**Task item**
When you transcribe the lines below, keep every word the same and leave the pictures behind.

**Data segment**
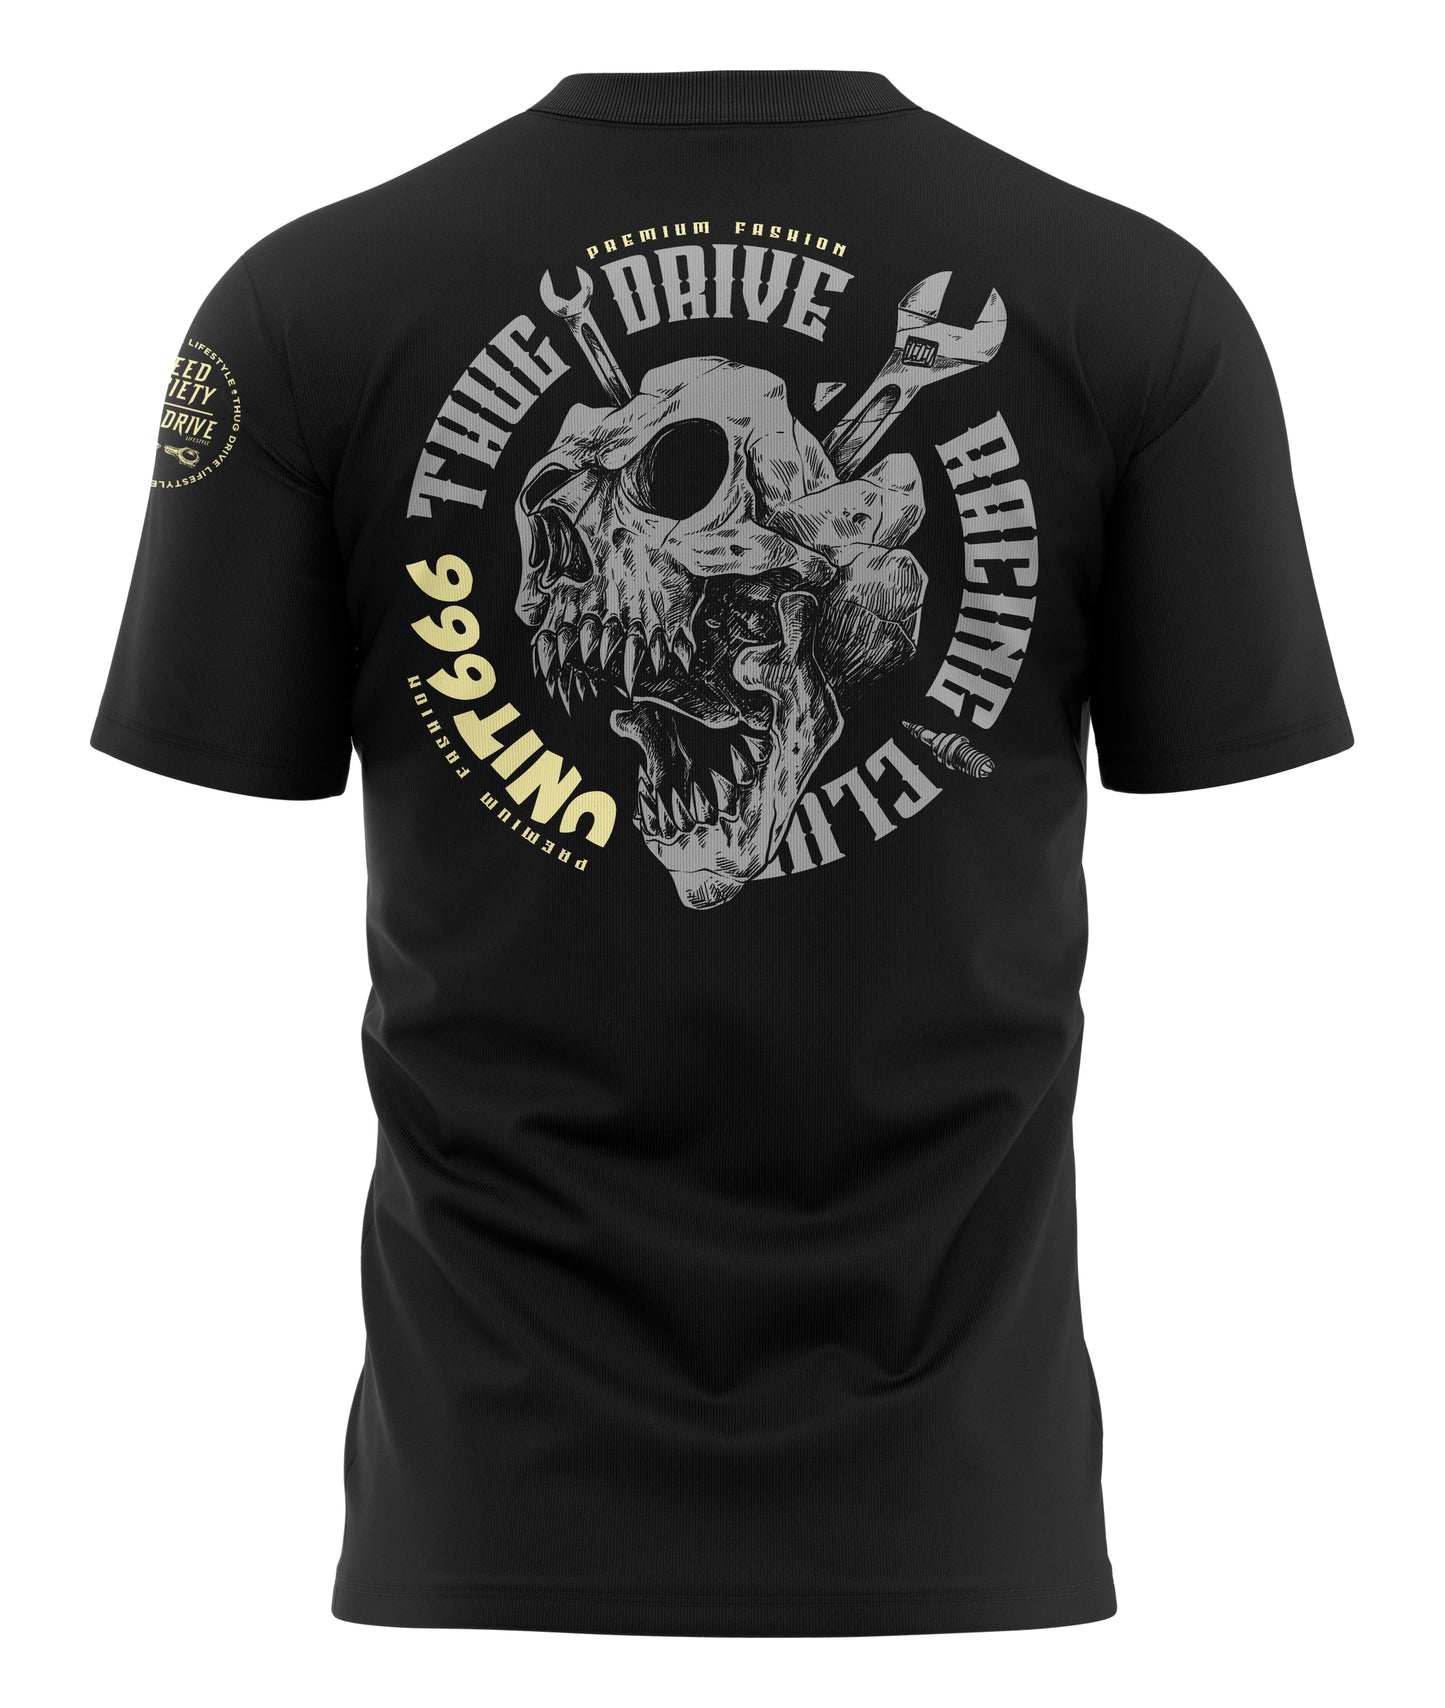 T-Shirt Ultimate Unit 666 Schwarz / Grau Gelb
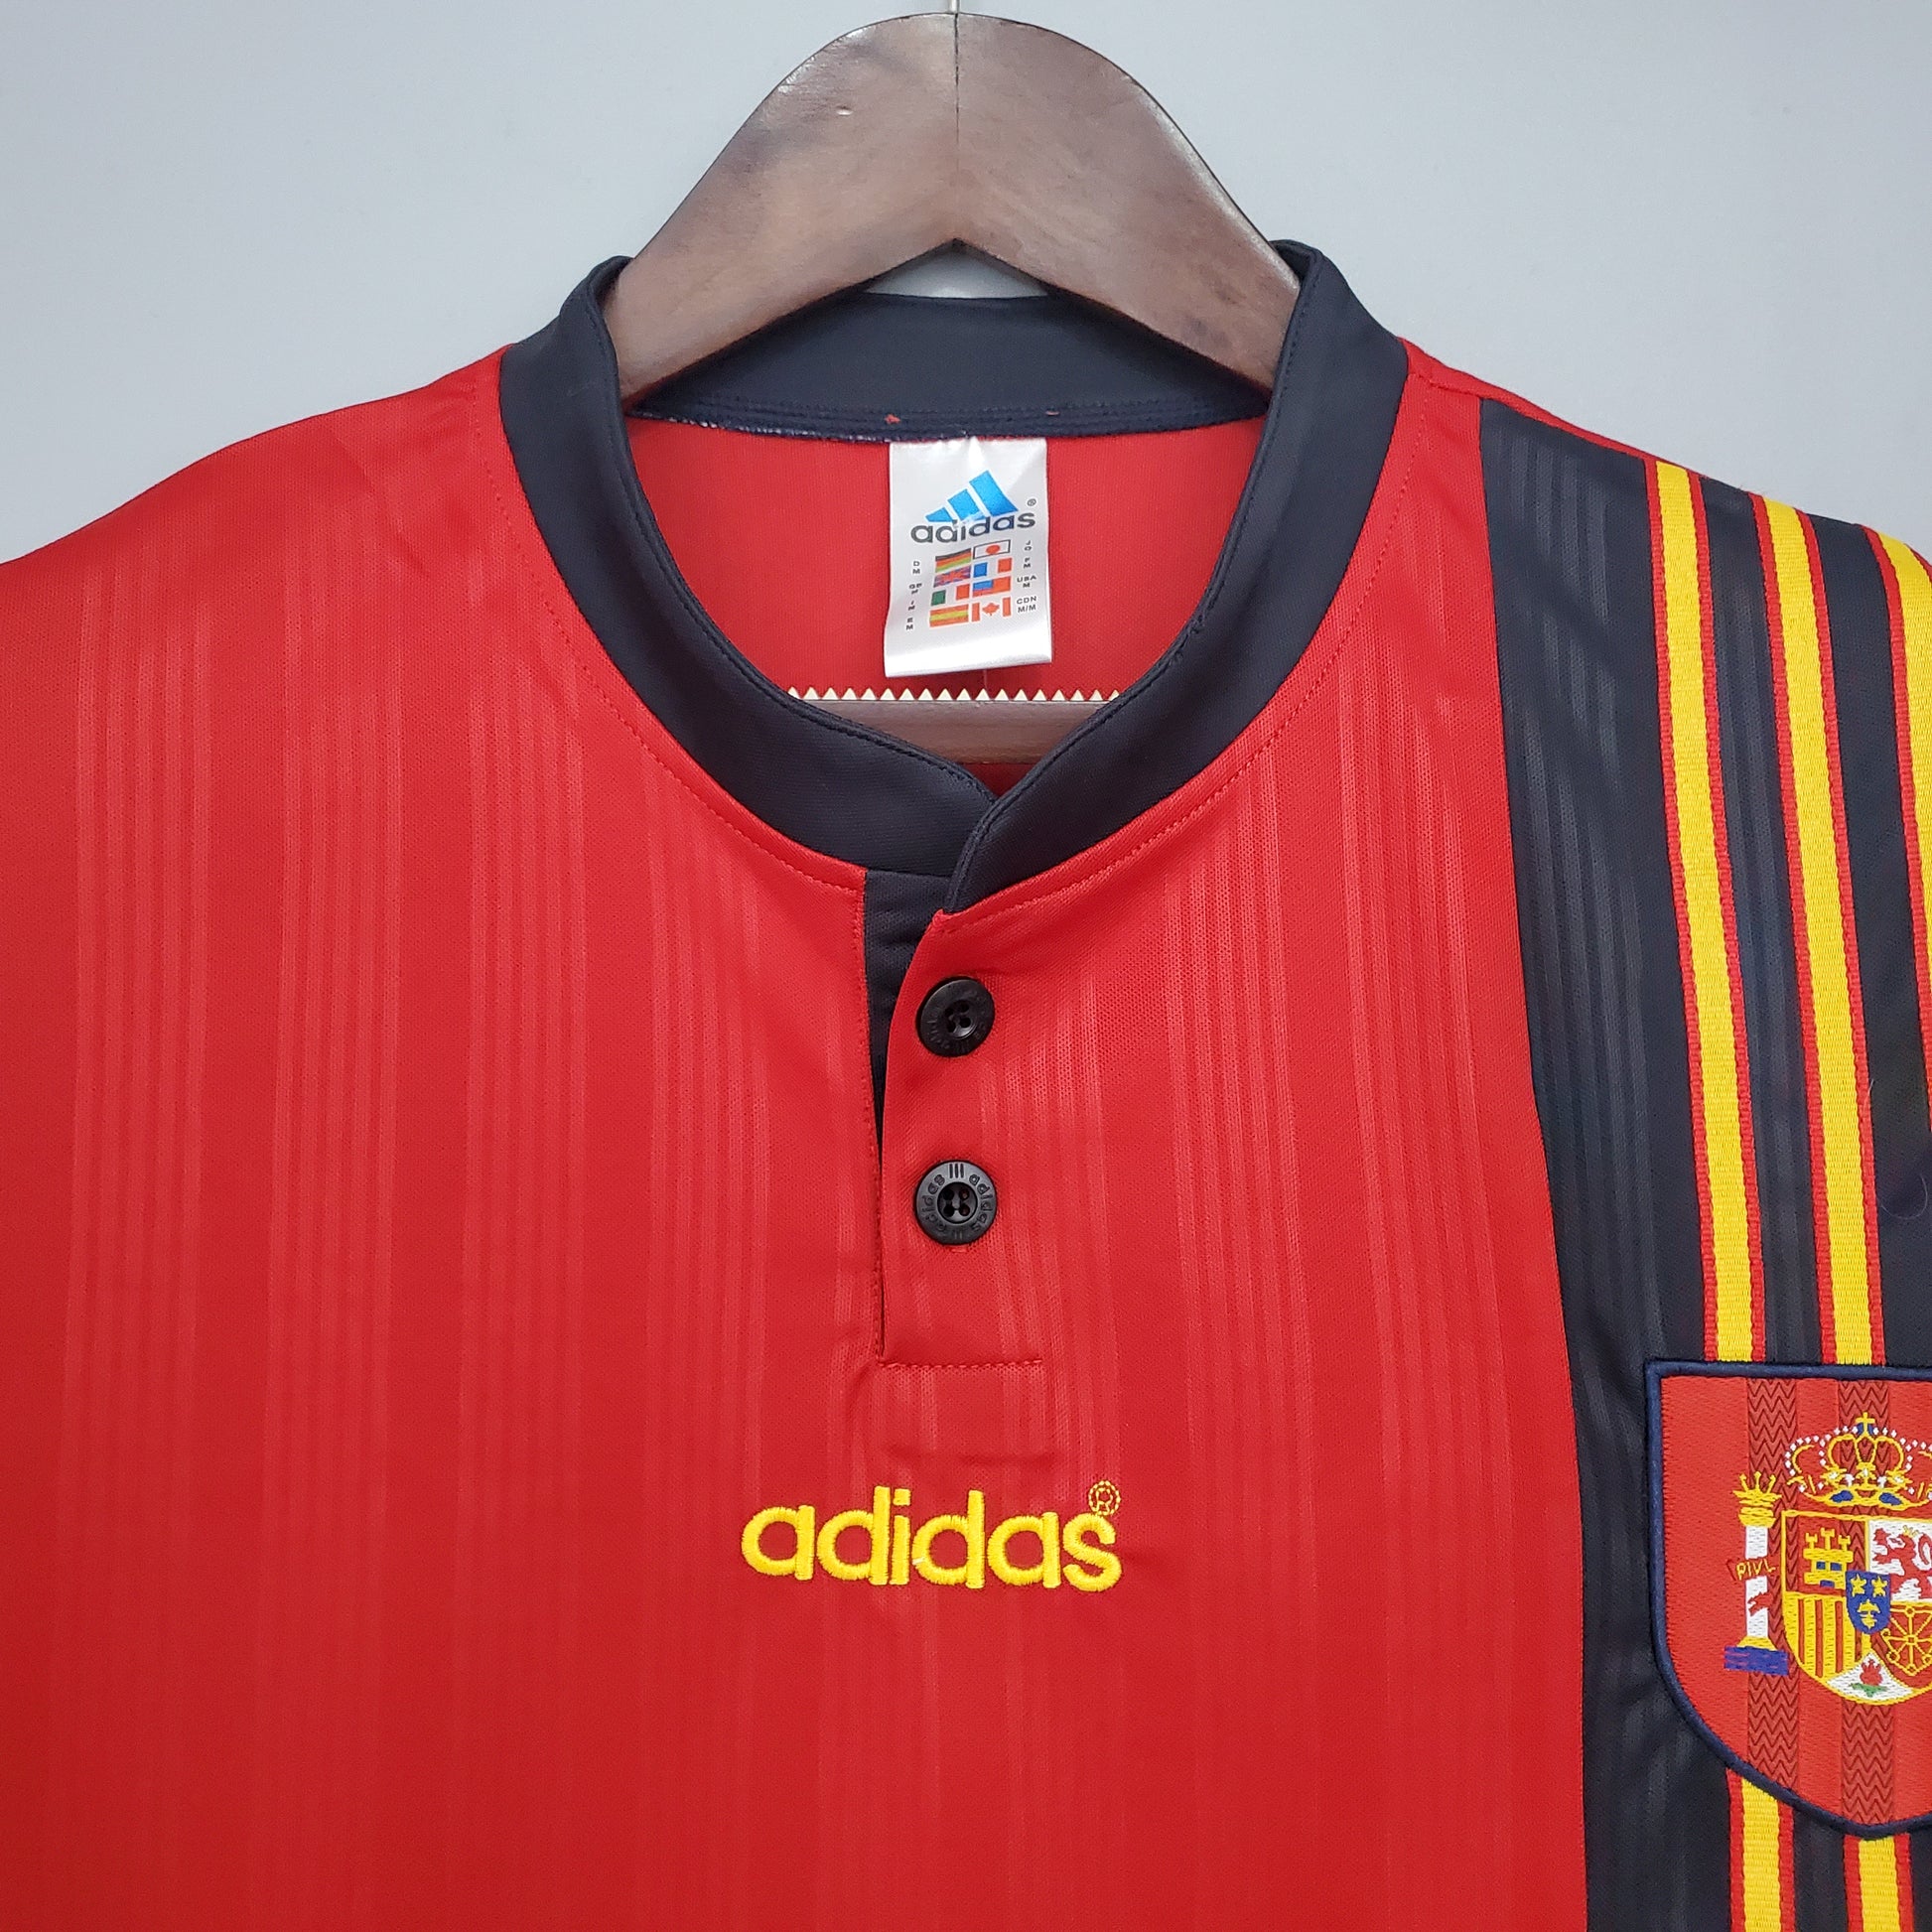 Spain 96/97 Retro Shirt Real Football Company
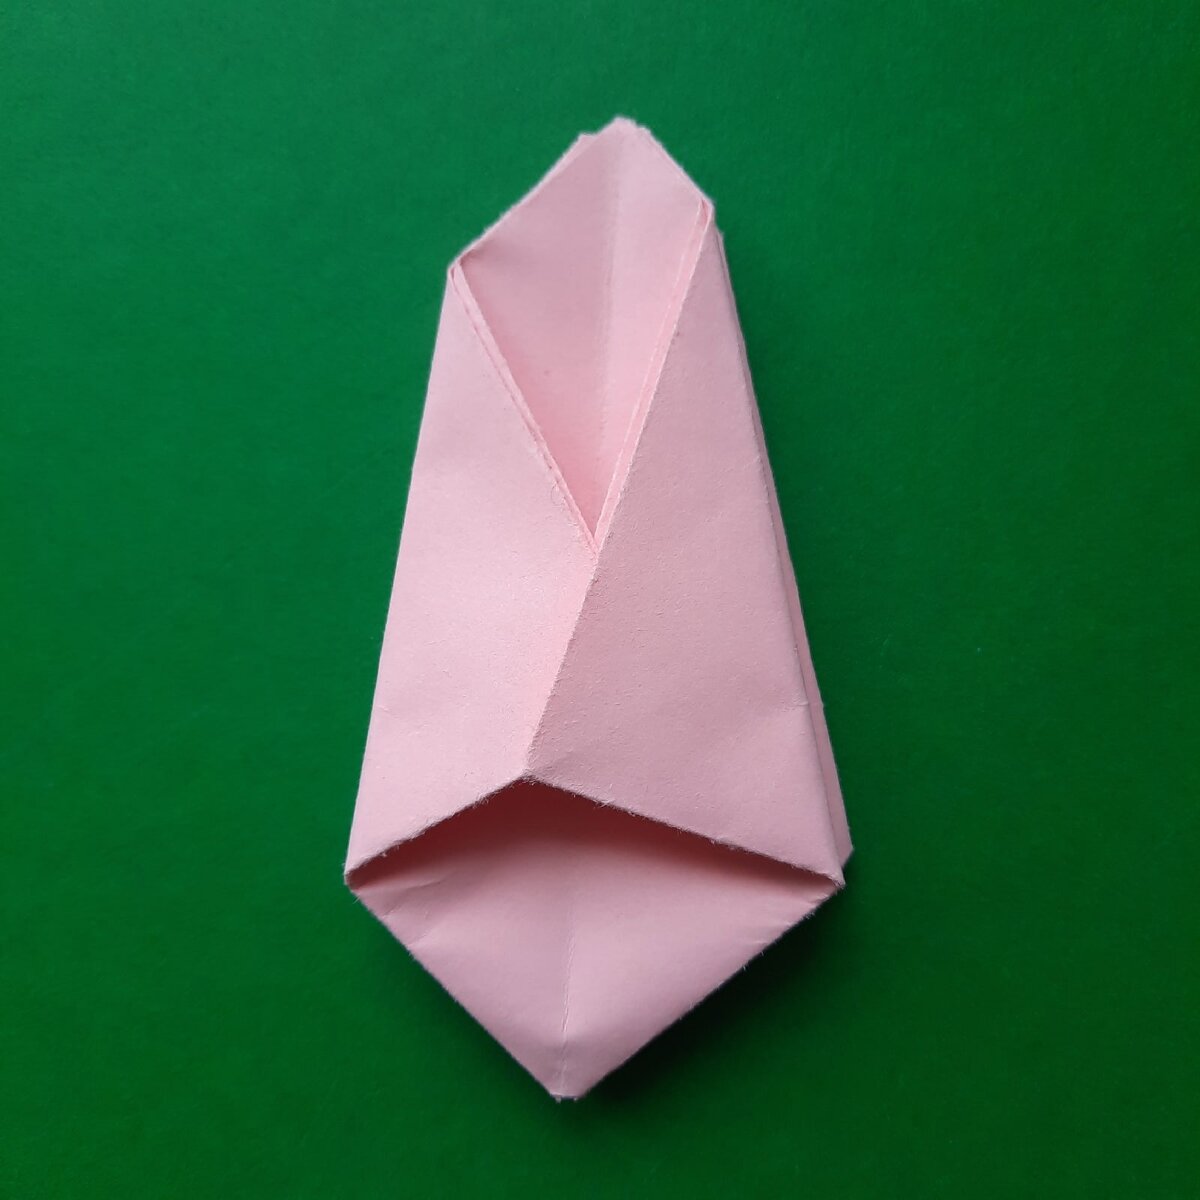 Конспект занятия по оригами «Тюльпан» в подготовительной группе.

**Answer section**
 T-Shirt Ultimate Unit 666 Schwarz / Grau Gelb
 Spain 96/97 Retro Shirt Real Football Company
 Конспект занятия по оригами «Тюльпан» в подготовительной группе.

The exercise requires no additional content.